> **TASK REQUIREMENTS**
The entries below contain pictures. Write out only the lines from the line with "Hooded Cardigan Pattern" up to and including the line with "Home Decor Ideas: Creative", exactly, without them.

> **DATA PROVIDED**
..........

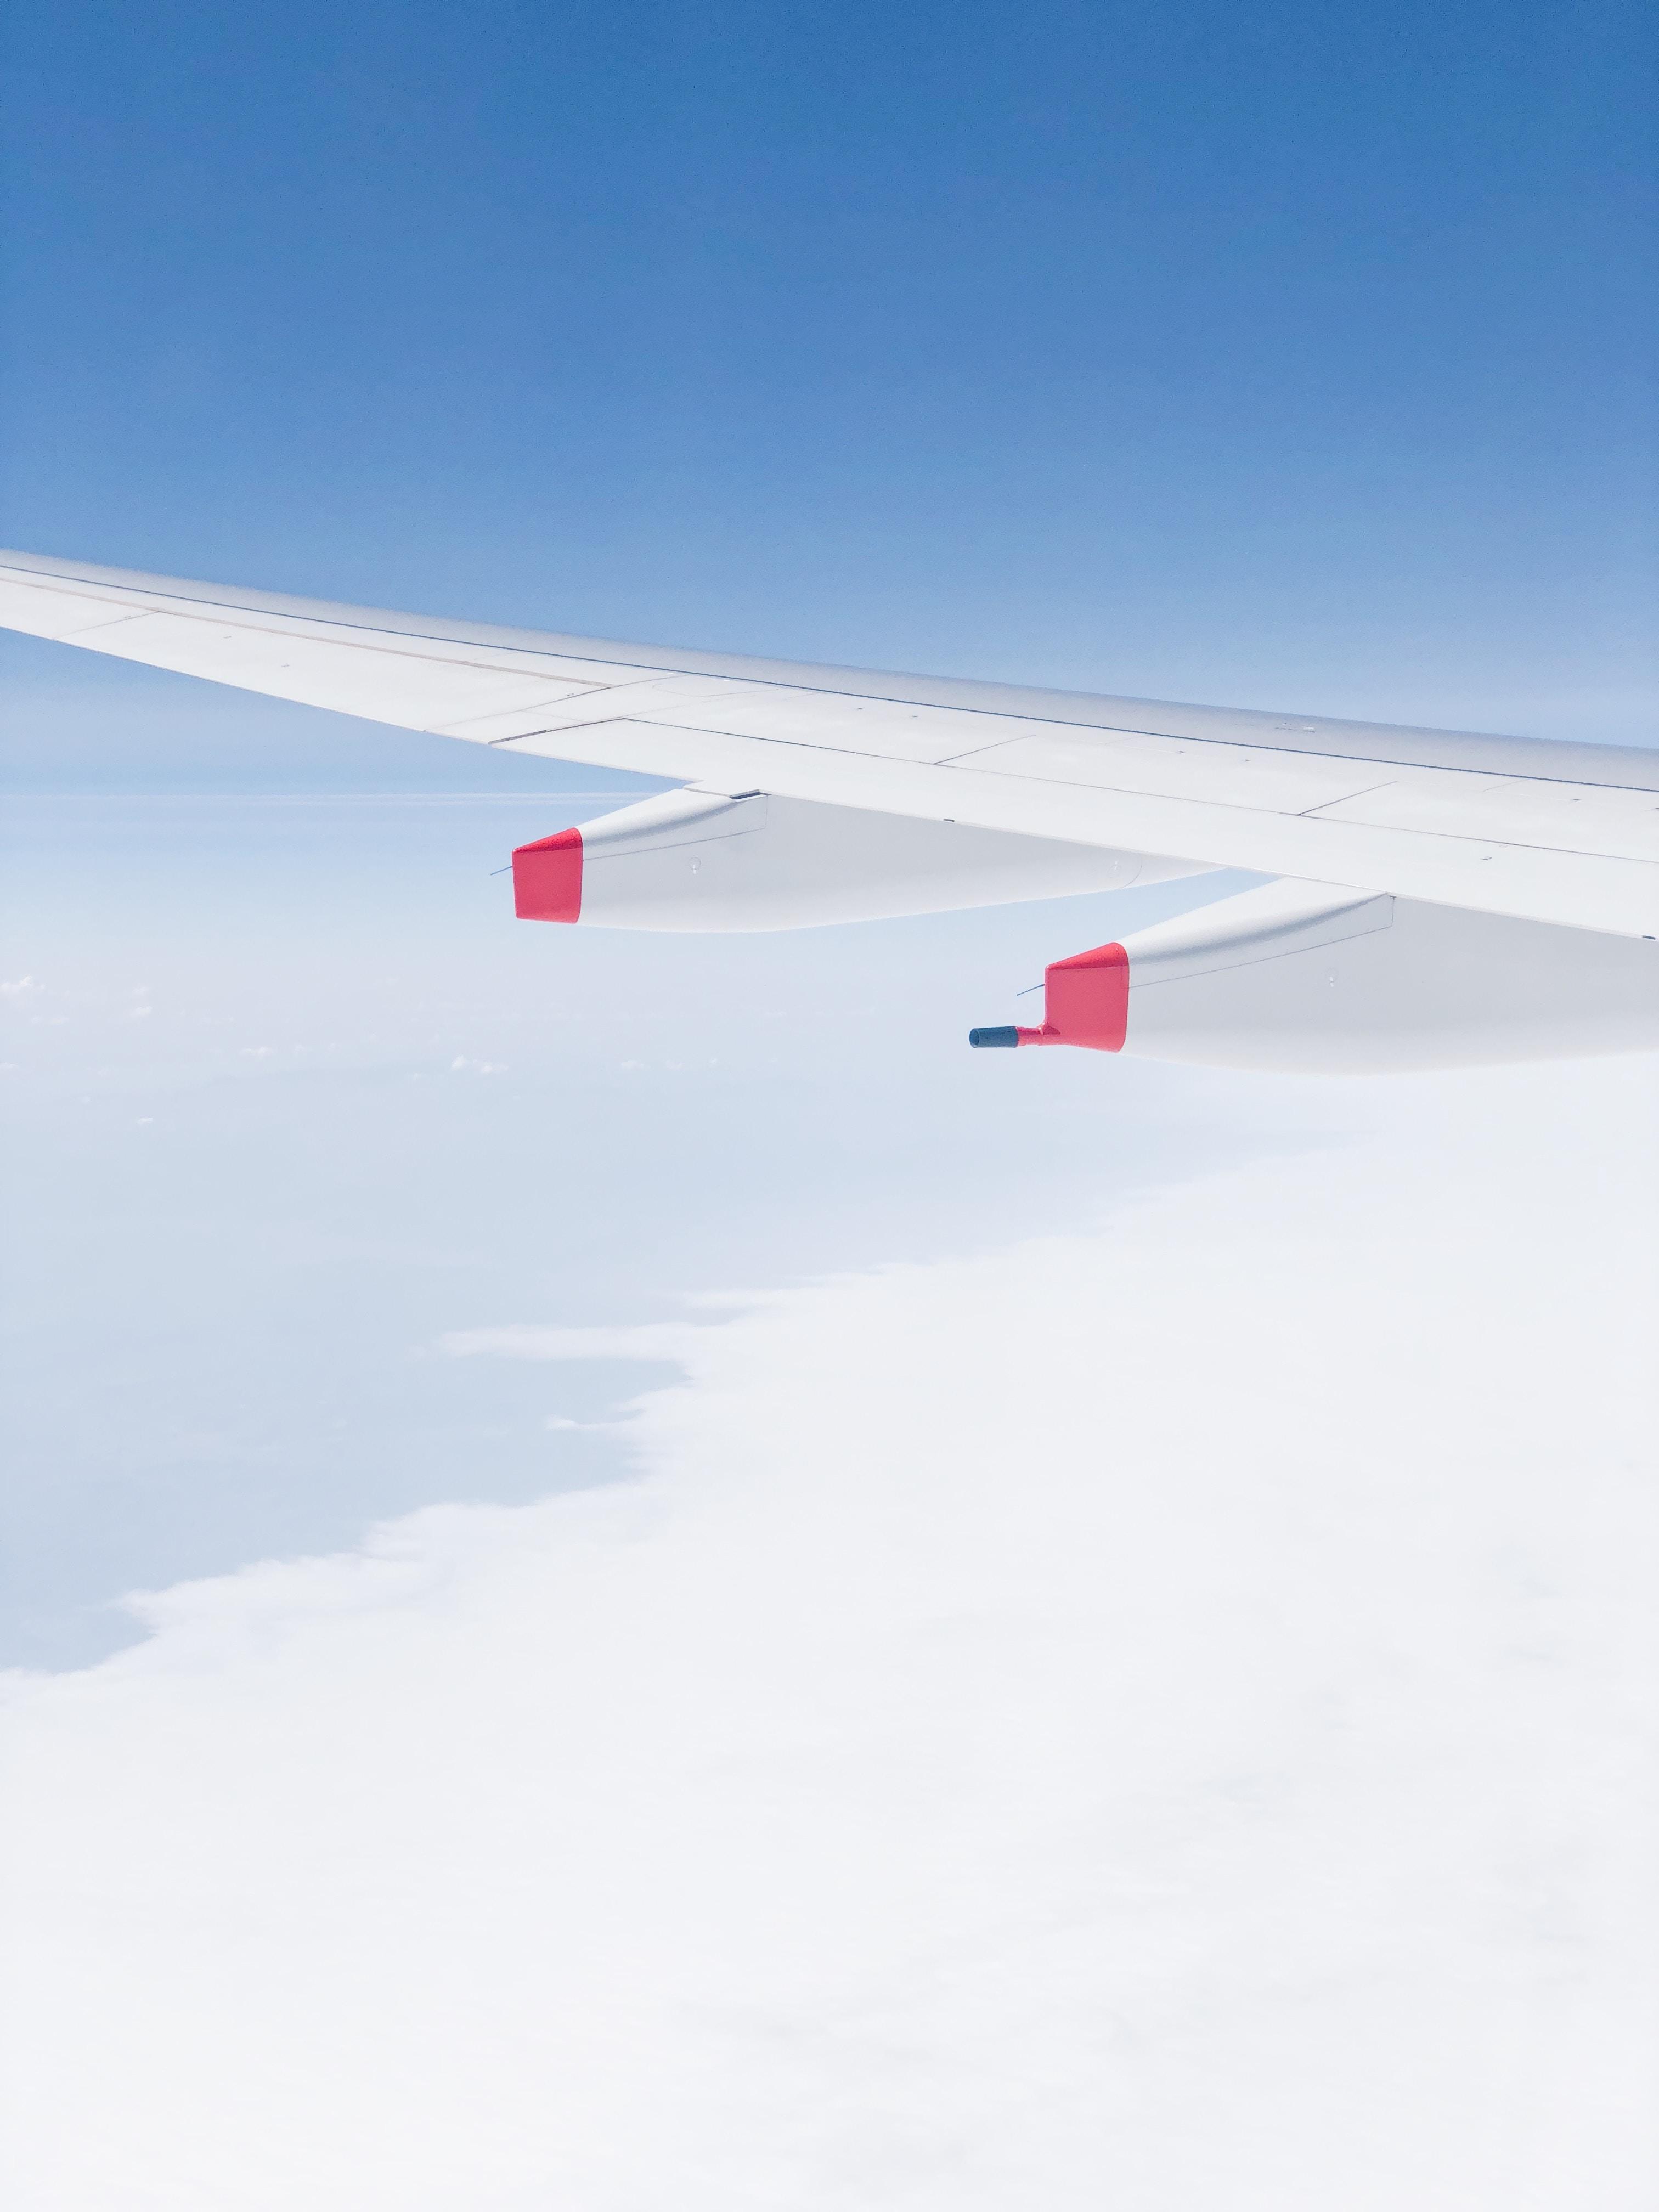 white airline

..........

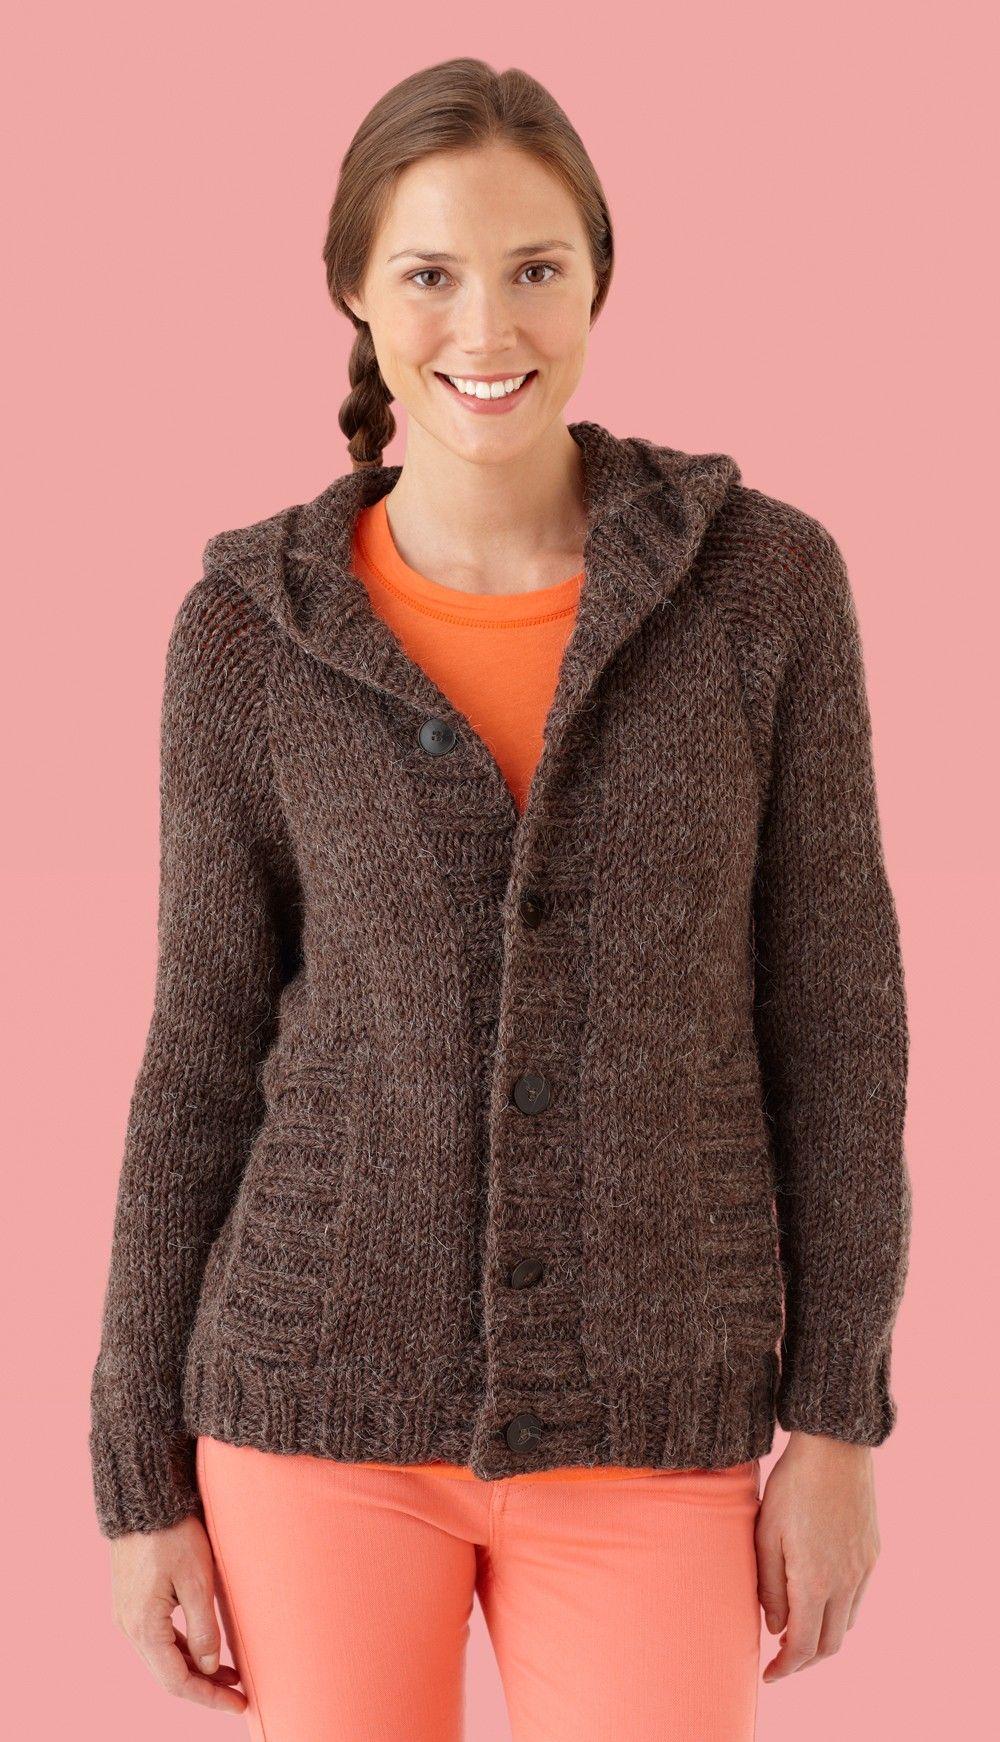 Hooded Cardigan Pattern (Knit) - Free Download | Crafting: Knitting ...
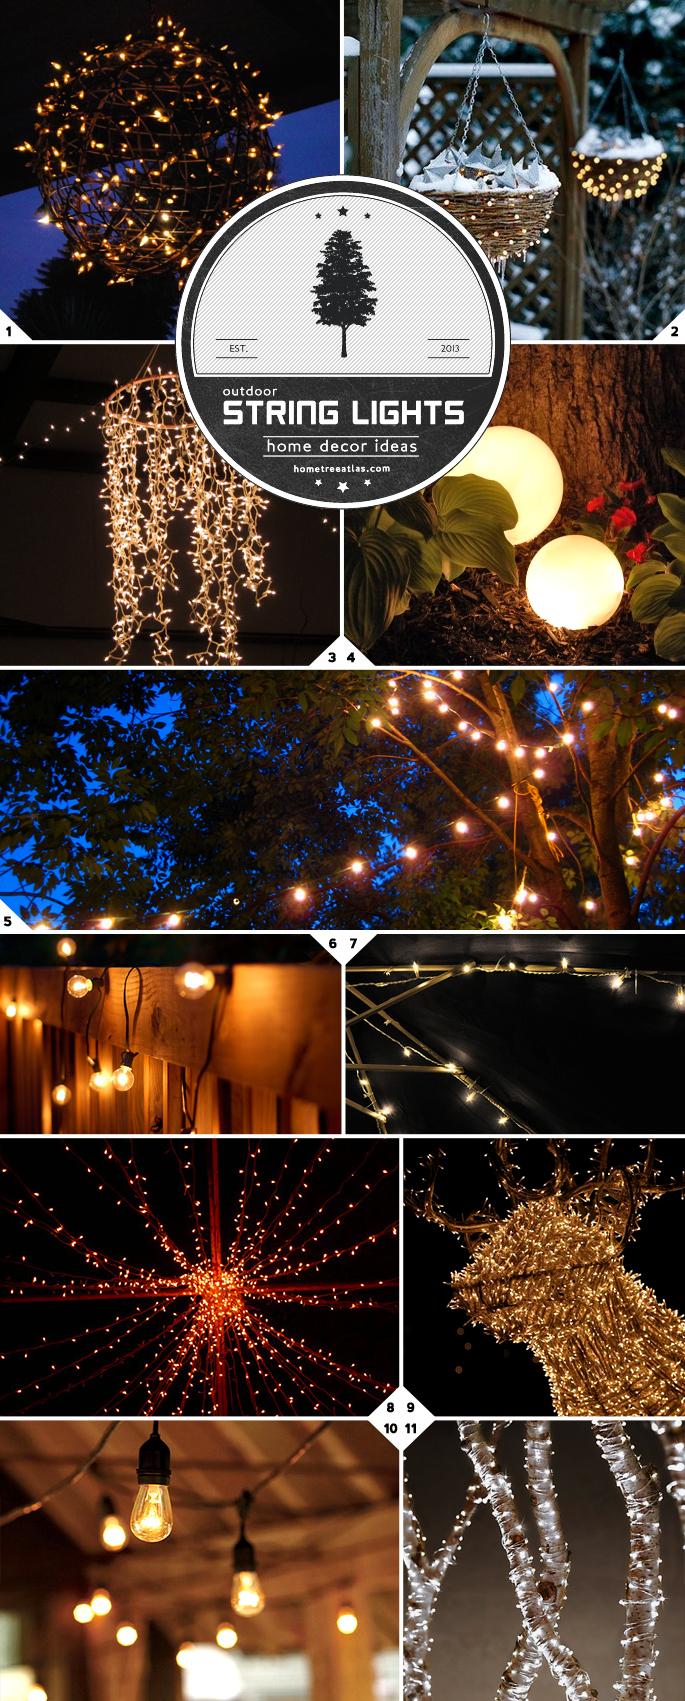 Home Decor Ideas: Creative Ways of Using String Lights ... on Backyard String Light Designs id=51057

..........

> **RESULT FOR THIS TASK**
 Hooded Cardigan Pattern (Knit) - Free Download | Crafting: Knitting ...
 Home Decor Ideas: Creative Ways of Using String Lights ... on Backyard String Light Designs id=51057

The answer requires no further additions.